*EXERCISE GOAL:* Exactly the lines from the line that has "Plus Size Women's" through the final line below are to be retyped, and the pictures are not.

DATASET CONTENT: Begin

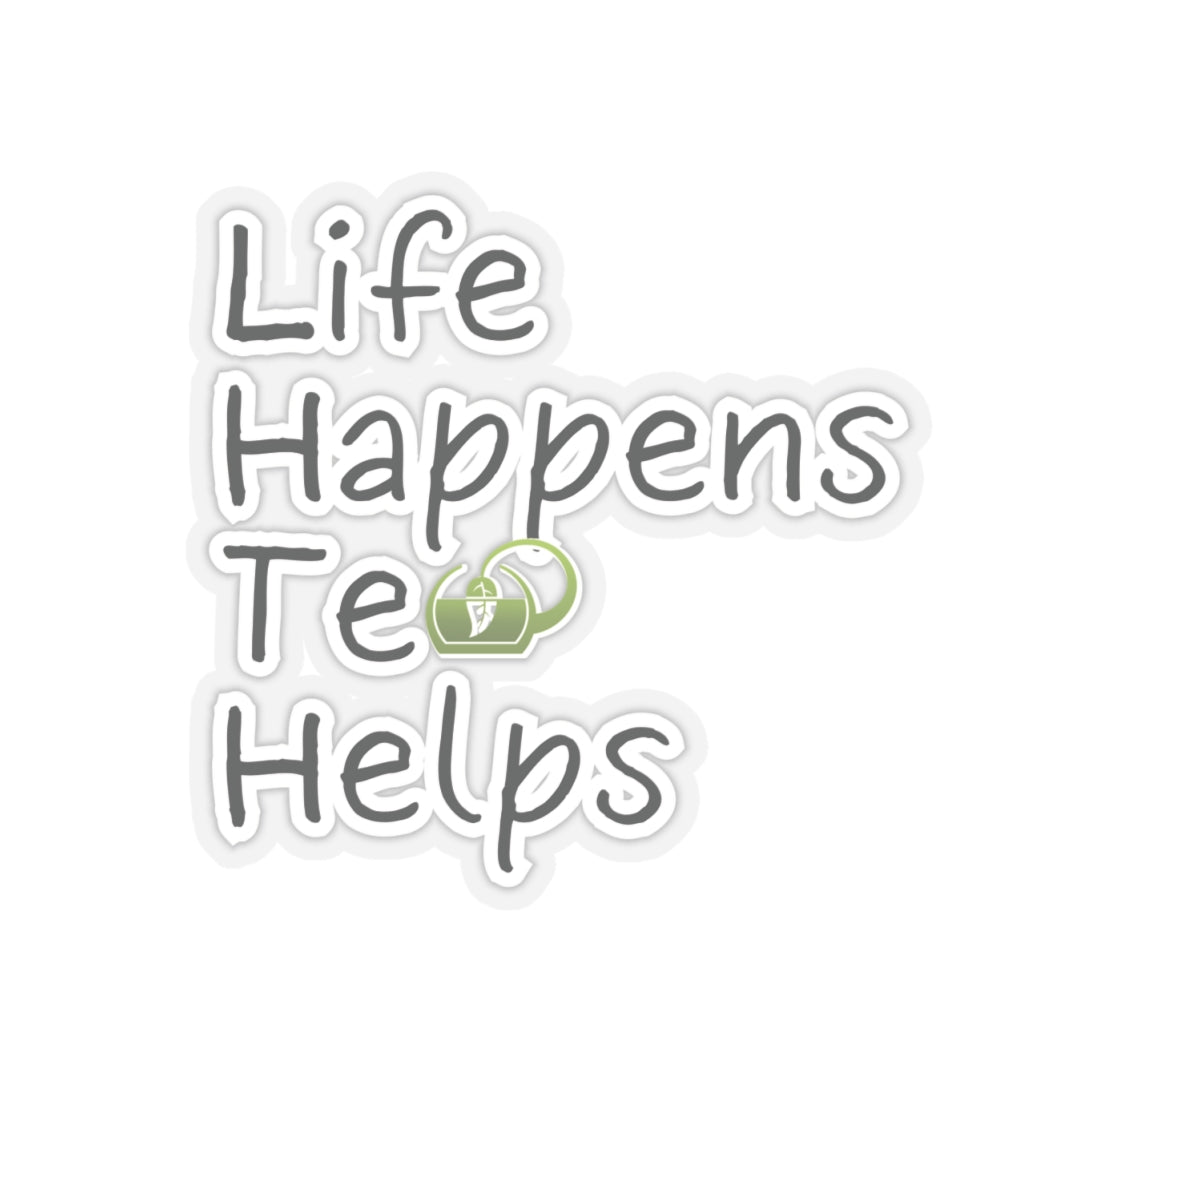 Life Happens Tea Helps Inspirational Quote Kiss-Cut Stickers-Paper products-4" × 4"-Transparent-mysticalcherry
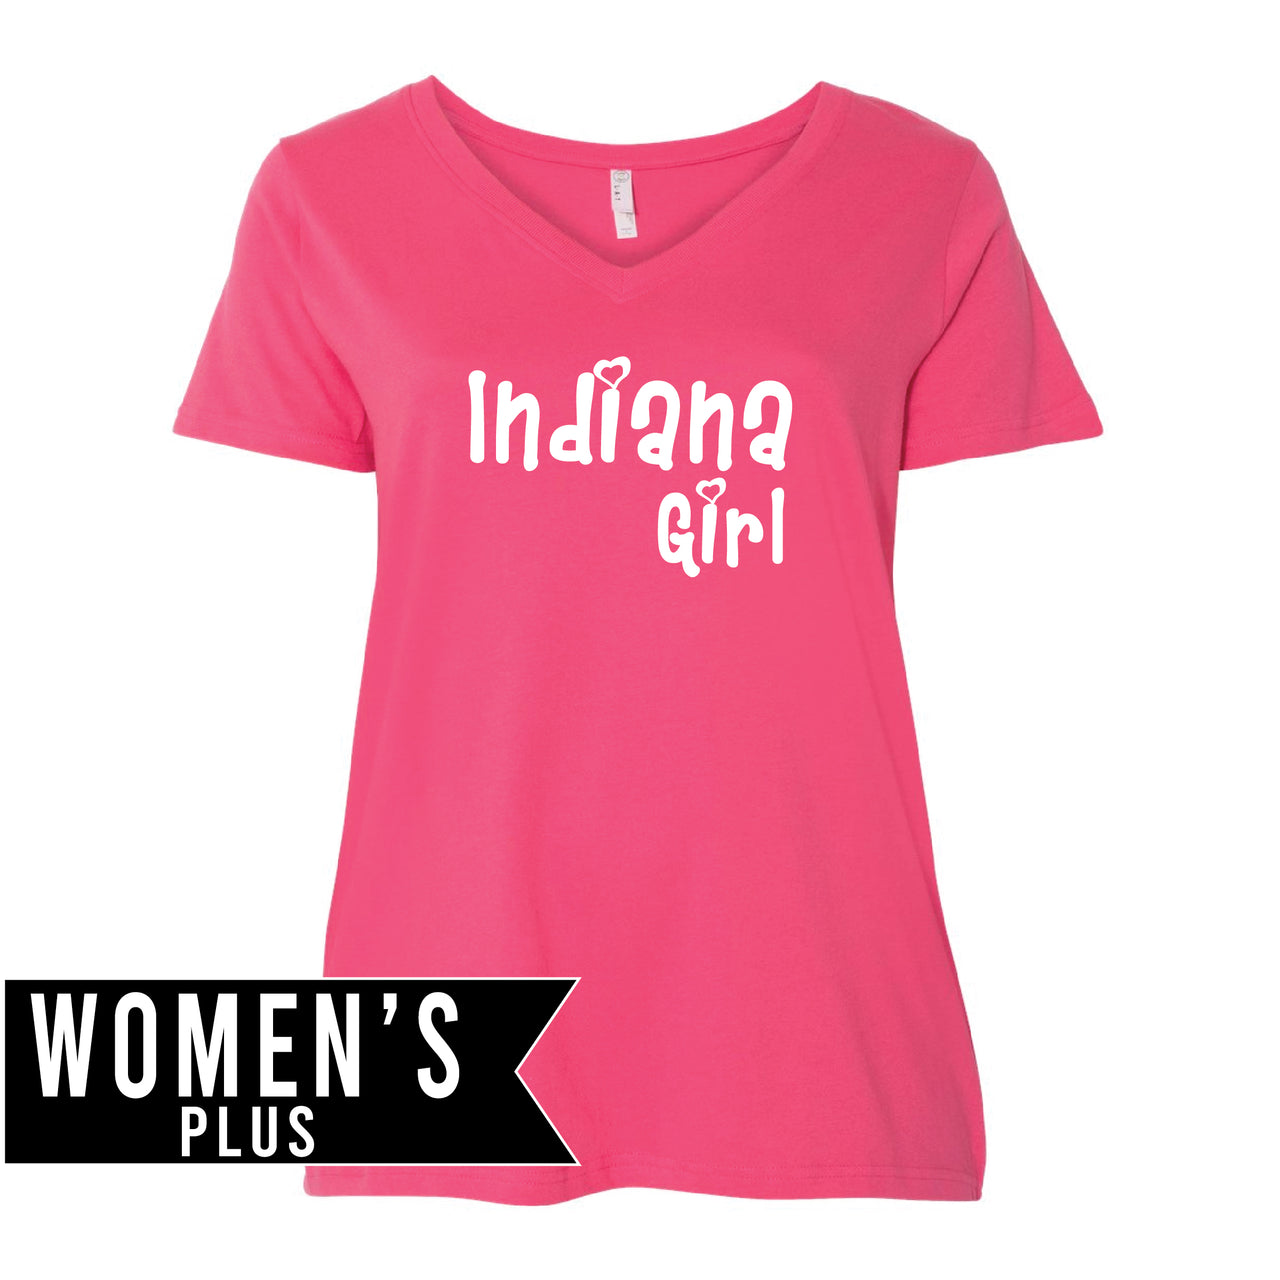 Plus Size Women's Premium Jersey V-Neck Tee - Indiana Girl
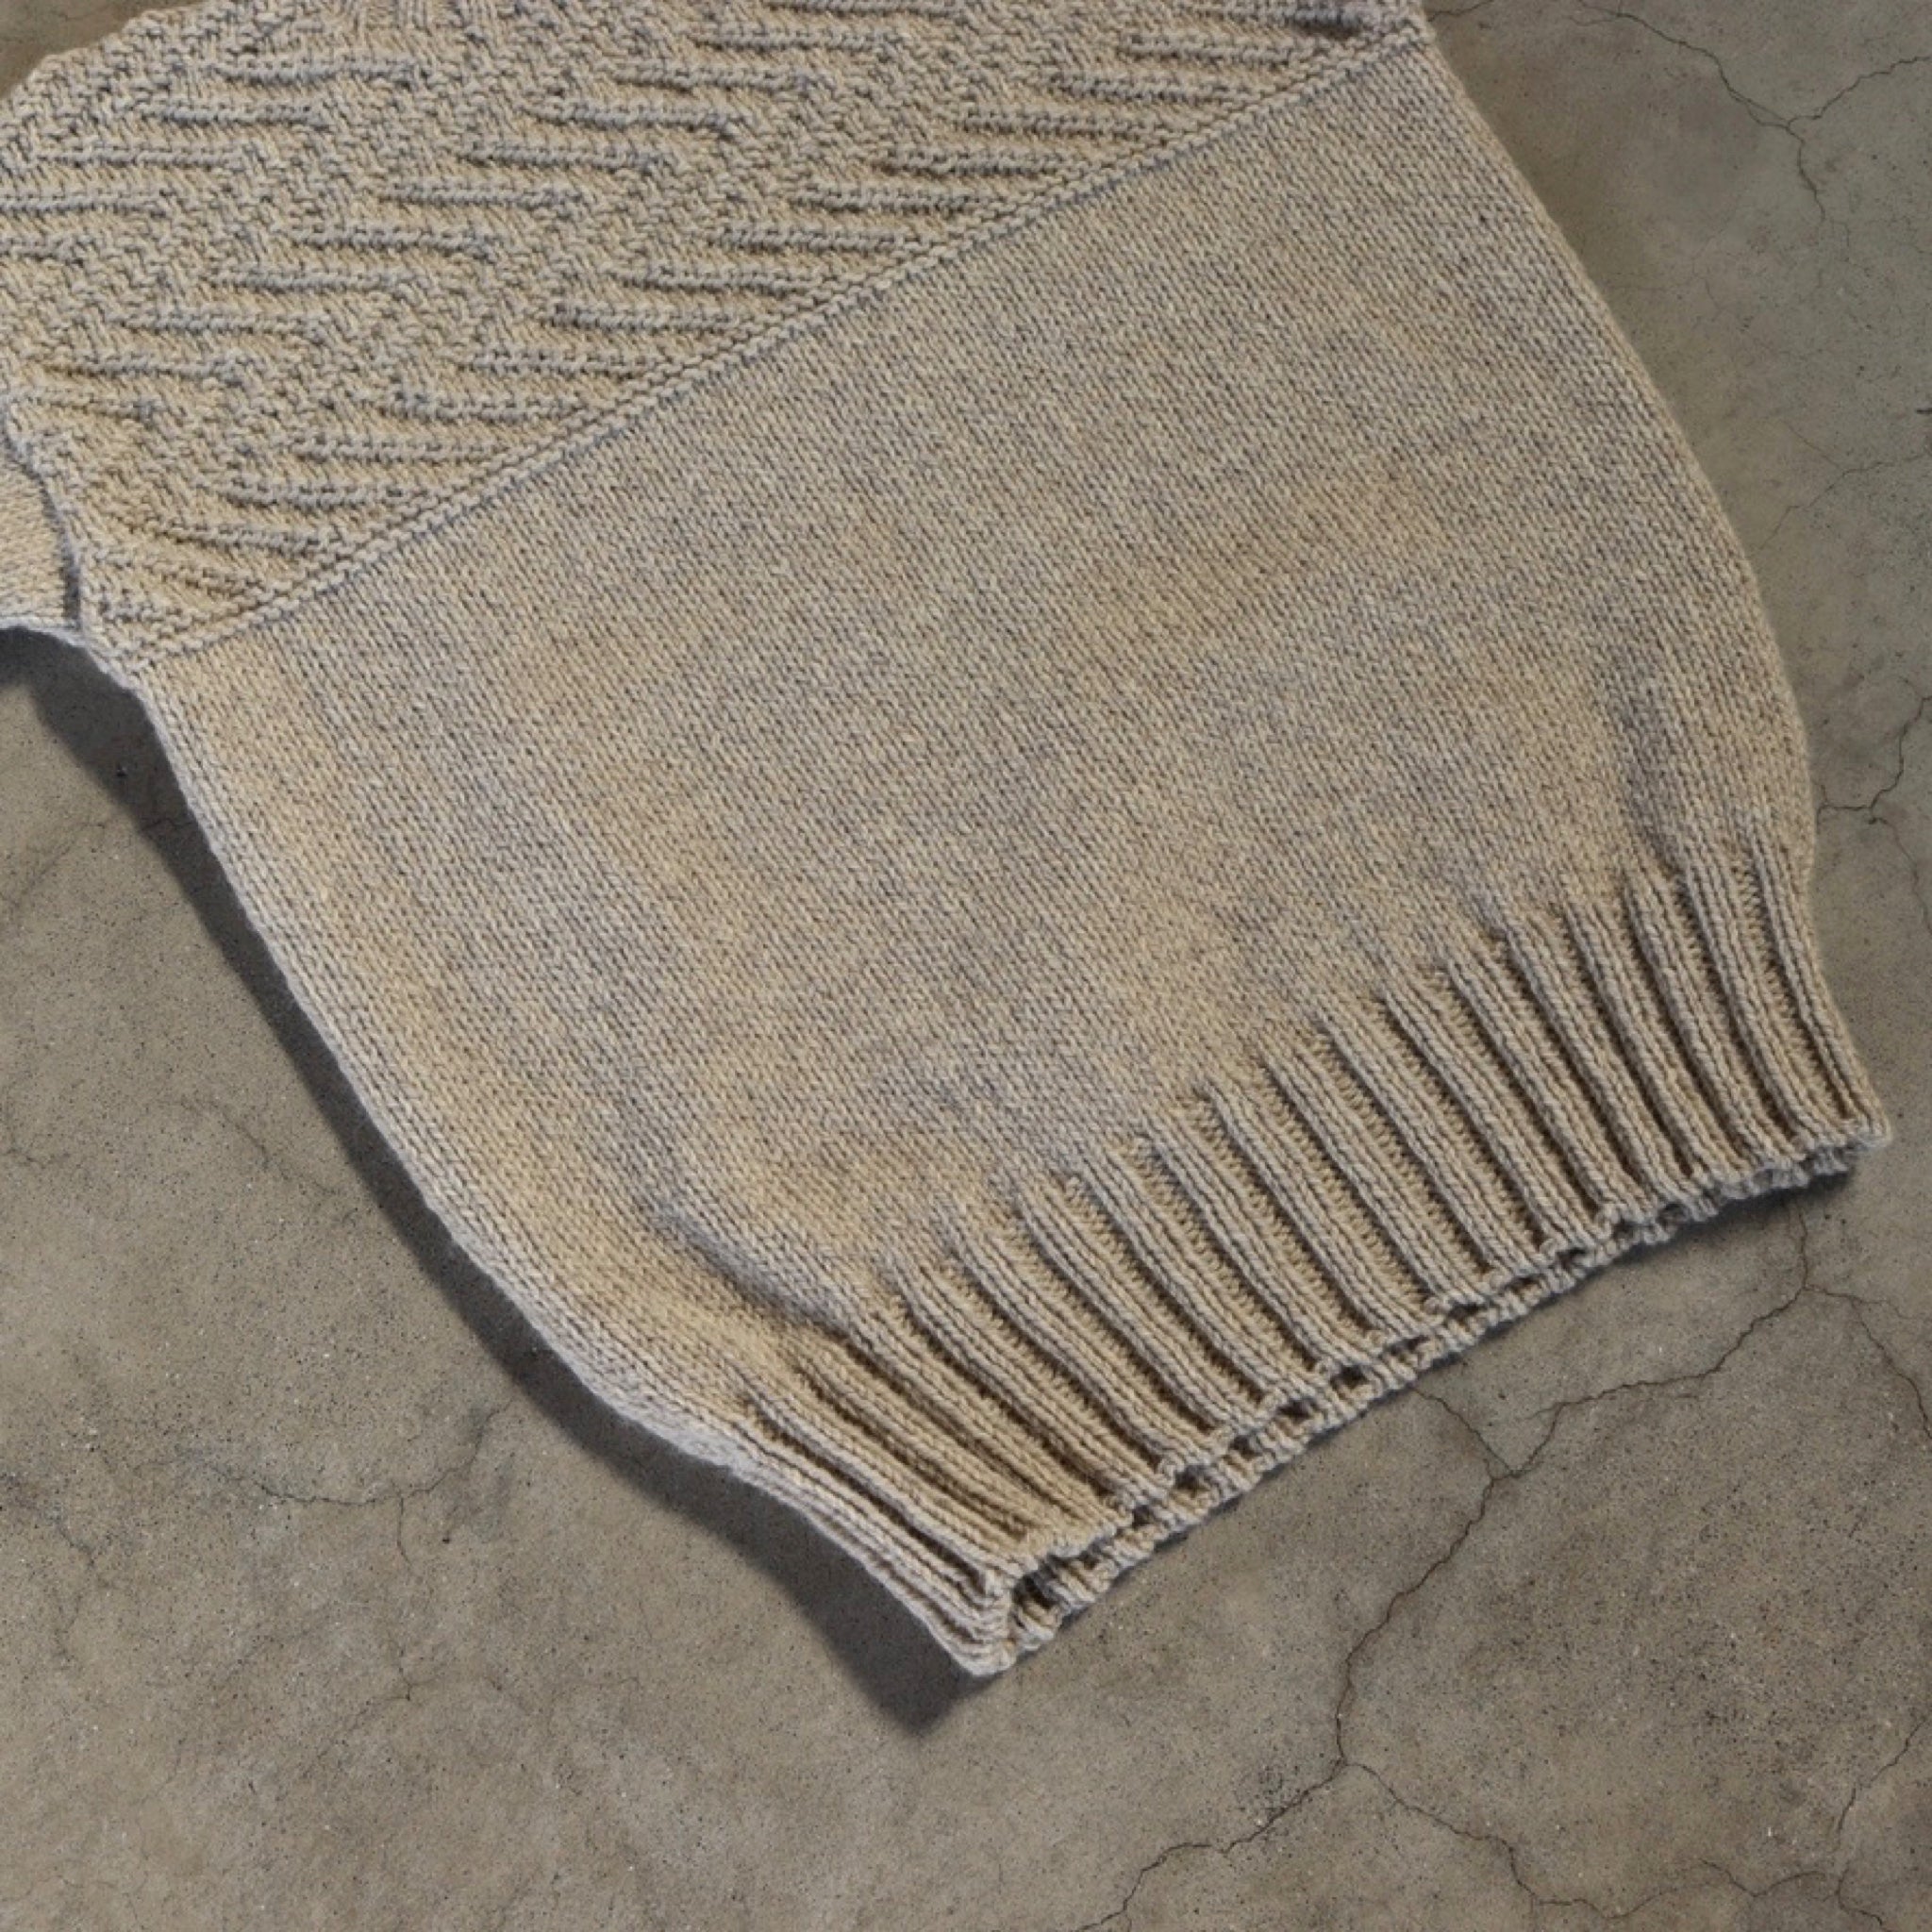 Kesennuma knitting etude - 13

DATASET CONTENT: End

*REPLY TO THE EXERCISE:*
 Plus Size Women's Premium Jersey V-Neck Tee - Indiana Girl
 Kesennuma knitting etude - 13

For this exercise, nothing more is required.